* What the exercise asks *
Using the material below, print the line that contains "L'anneau pèse 3,0 grammes", the line that contains "La bague est", and every line in between, exactly and nothing else.

* Records for this exercise *
----

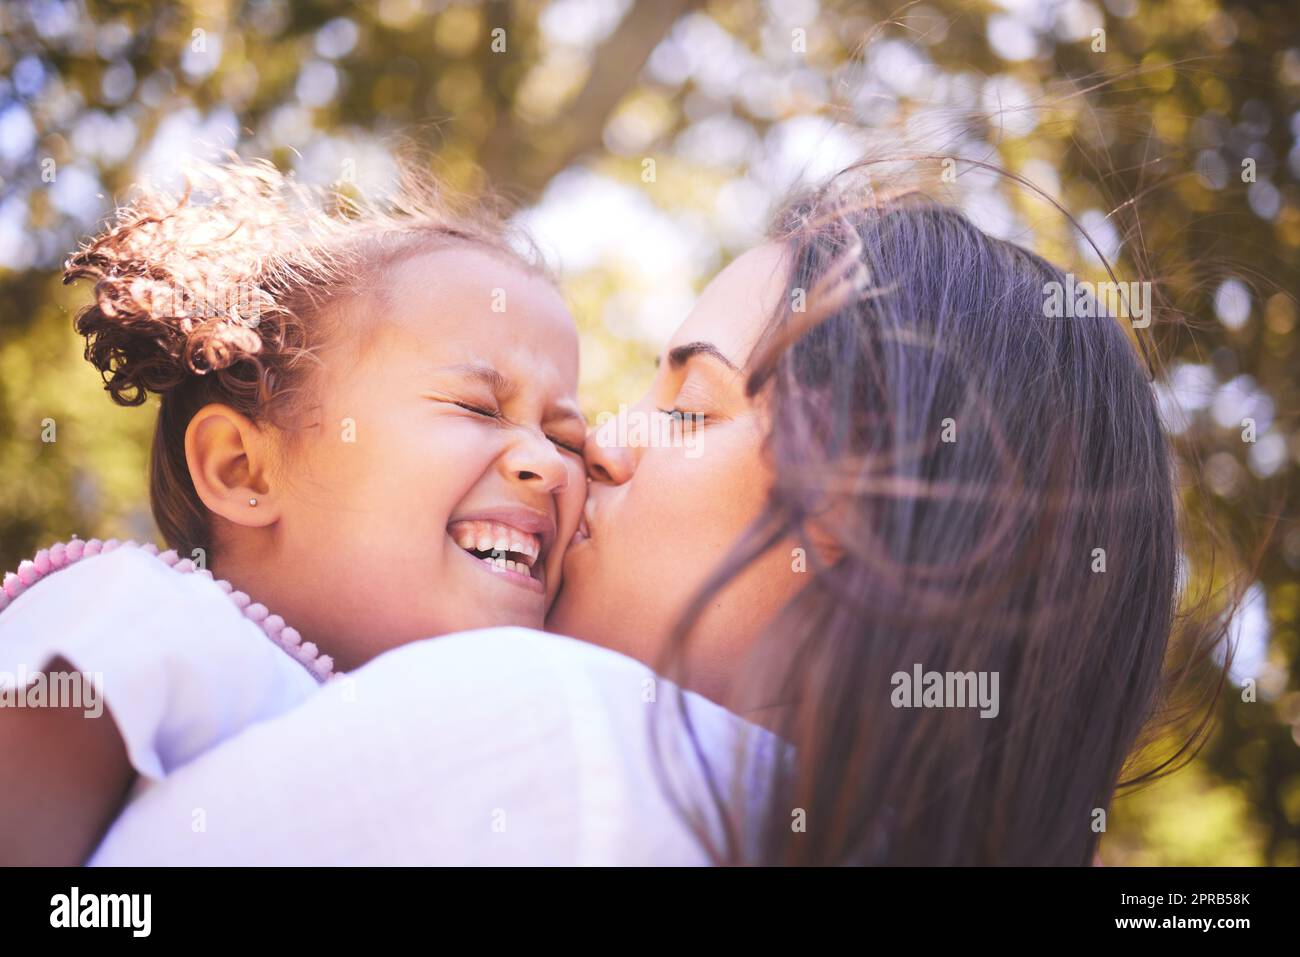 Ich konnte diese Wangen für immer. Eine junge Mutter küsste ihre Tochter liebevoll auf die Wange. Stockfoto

----

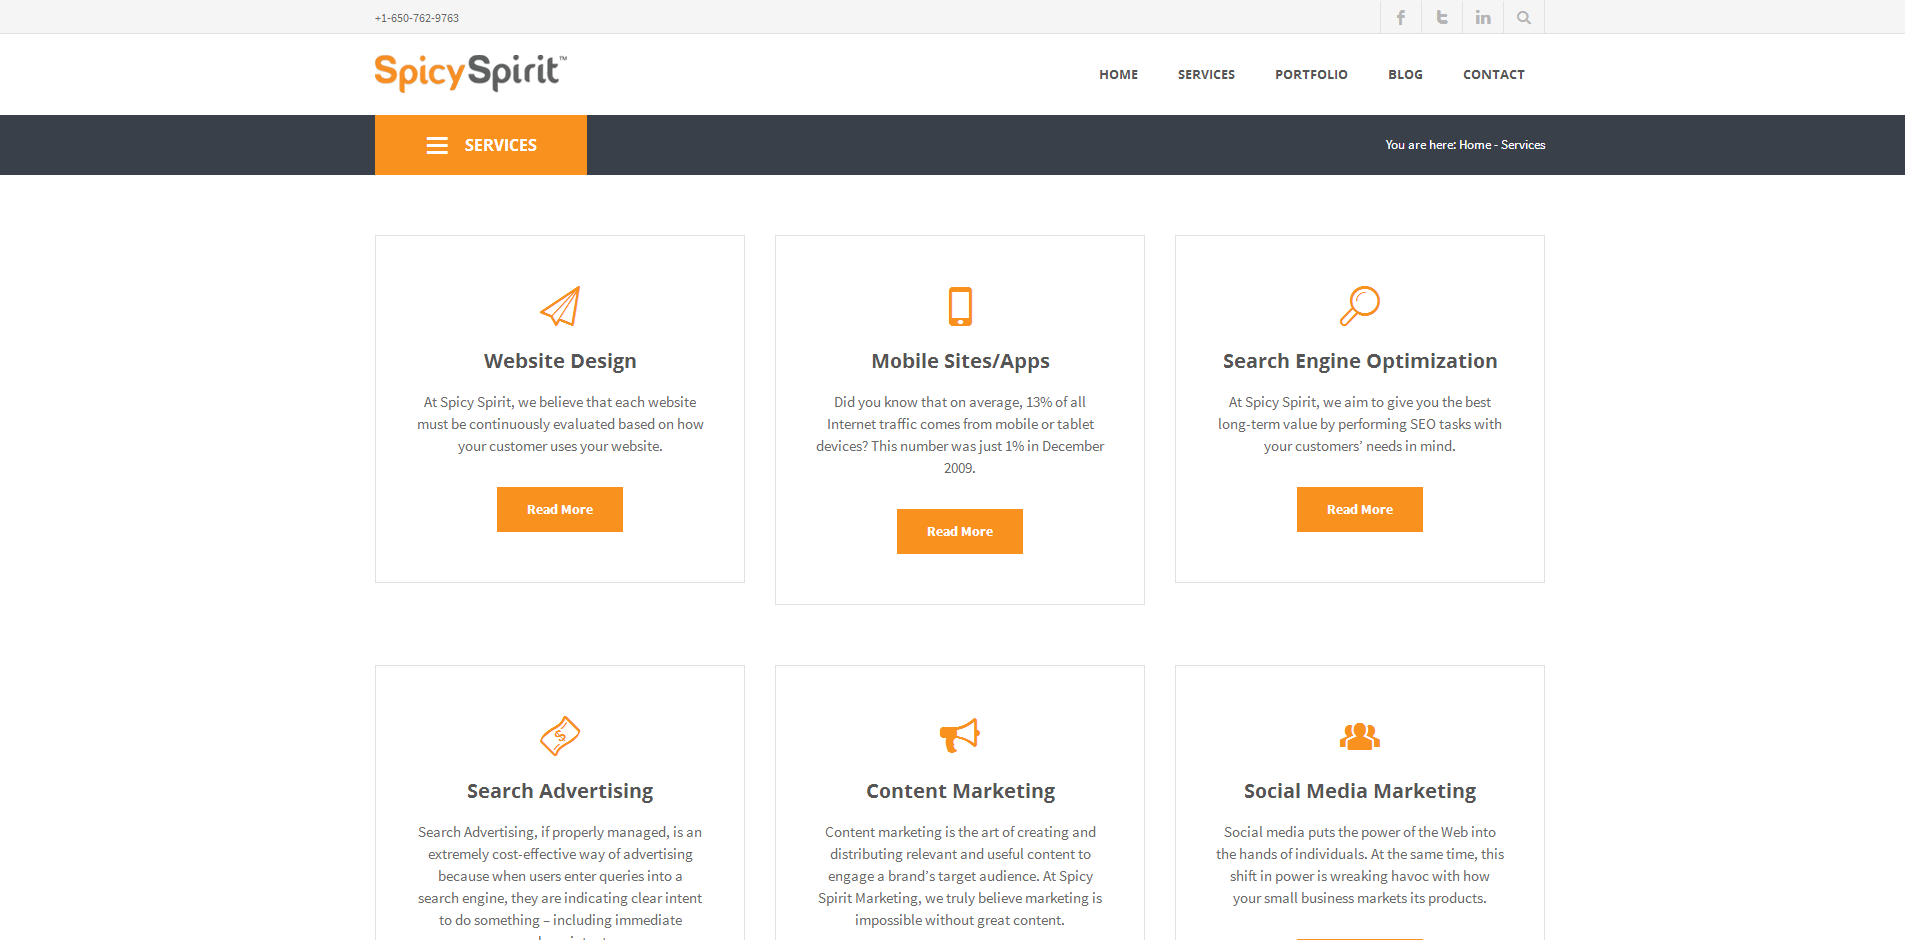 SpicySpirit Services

----

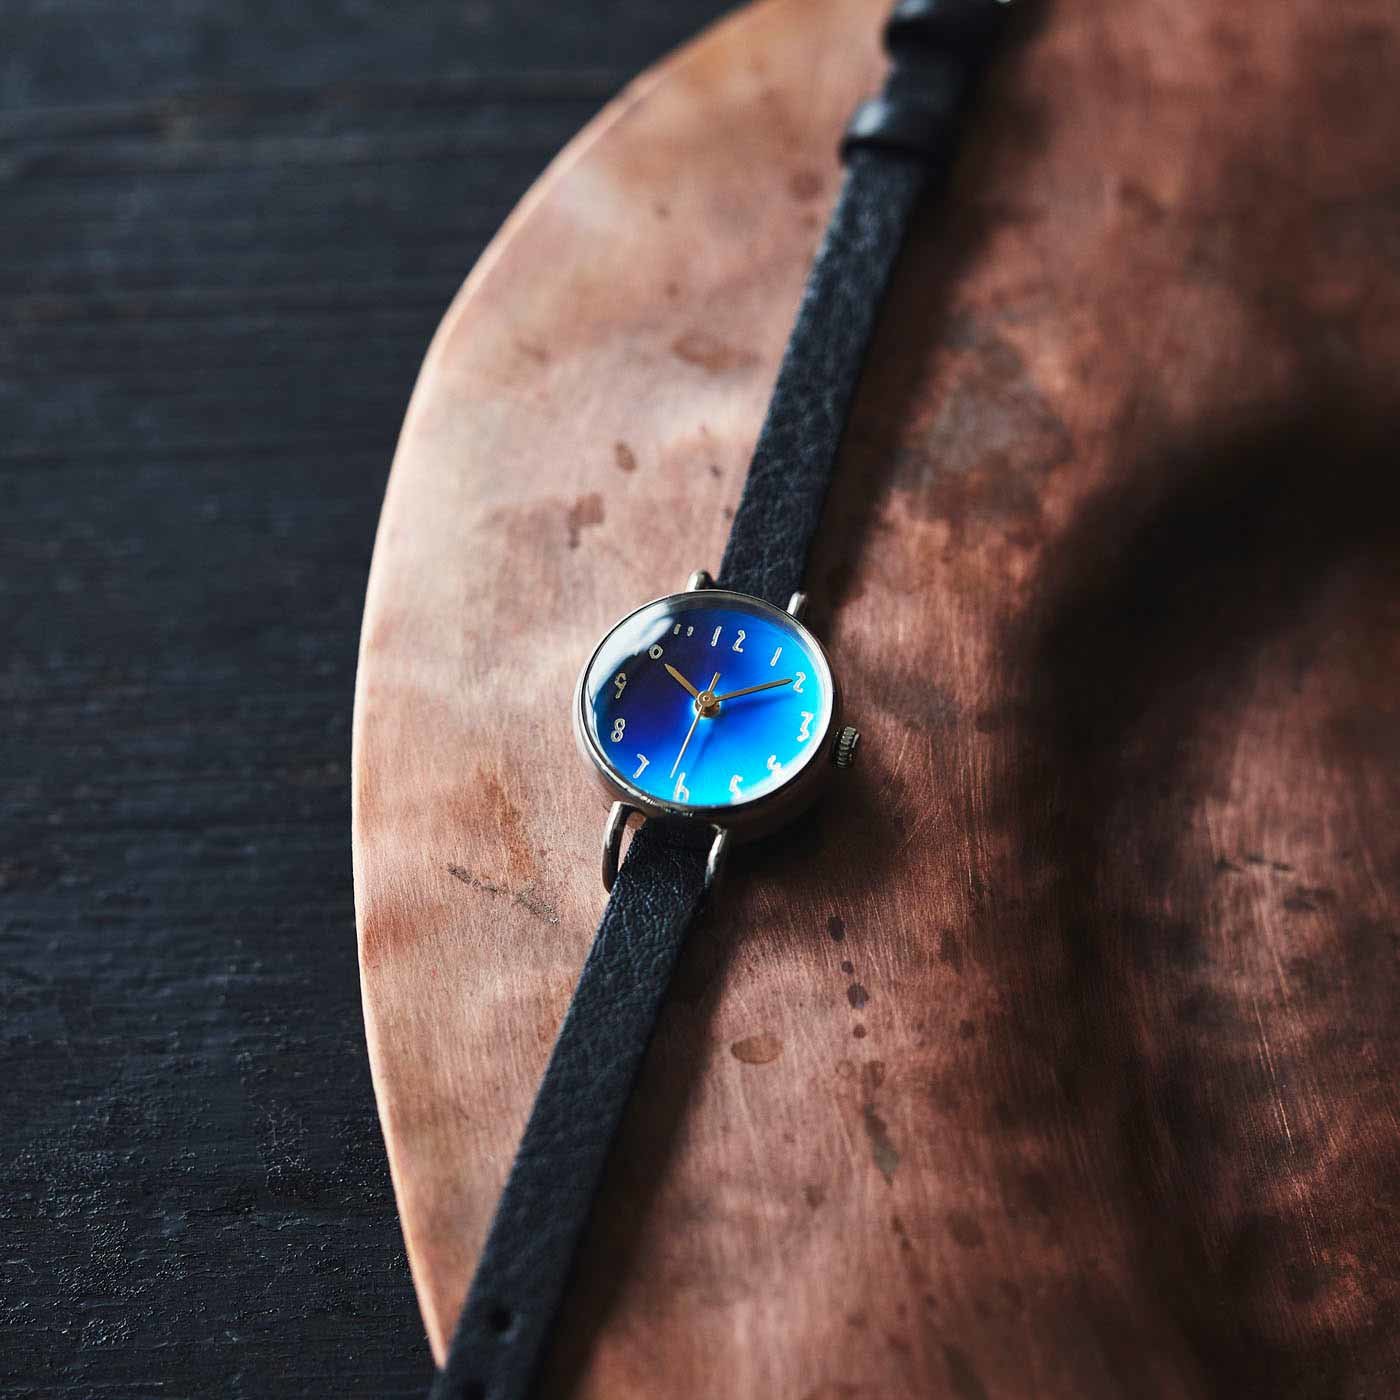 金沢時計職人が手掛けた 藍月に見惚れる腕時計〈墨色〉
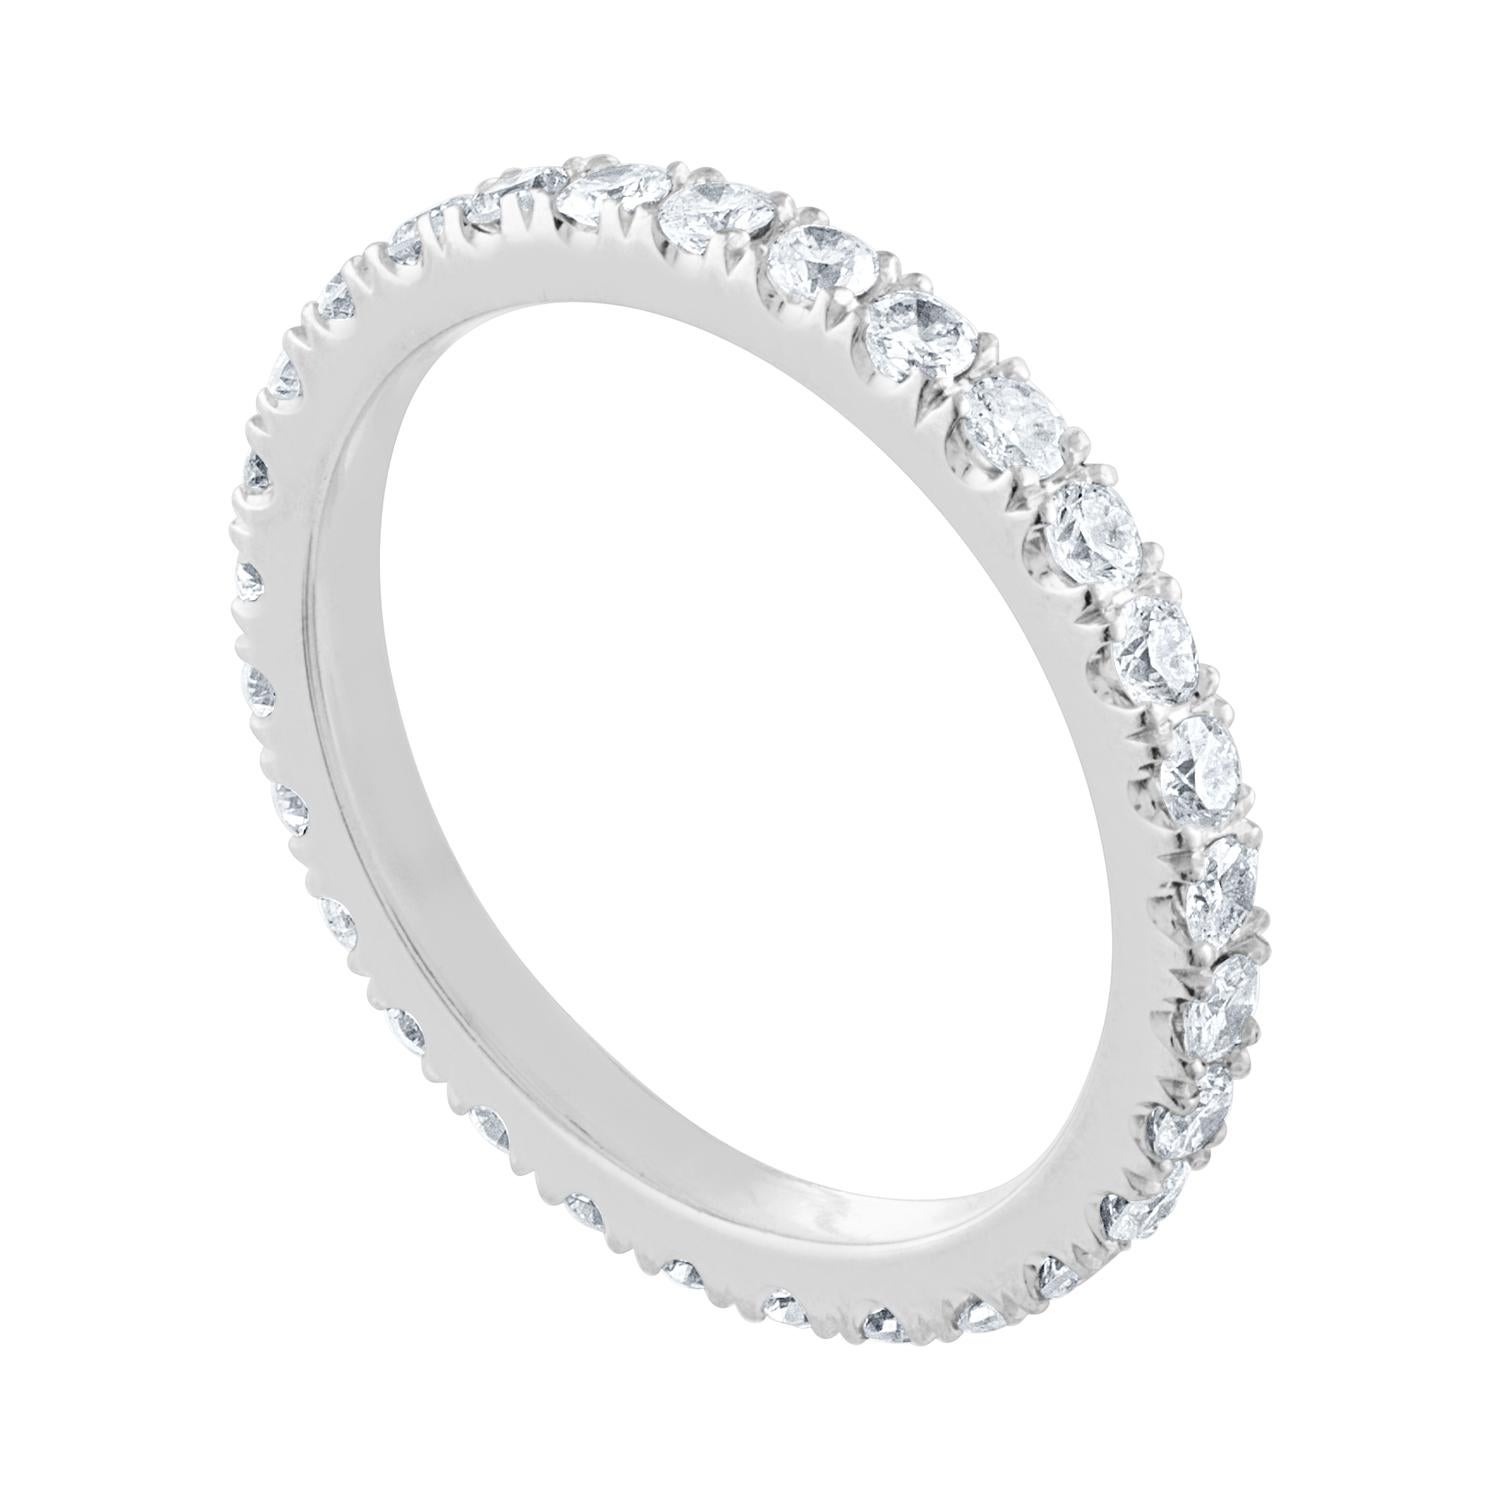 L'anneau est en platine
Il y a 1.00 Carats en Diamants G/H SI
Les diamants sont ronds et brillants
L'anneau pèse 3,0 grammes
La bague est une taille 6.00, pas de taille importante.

----

* Result of this exercise *
L'anneau pèse 3,0 grammes
La bague est une taille 6.00, pas de taille importante.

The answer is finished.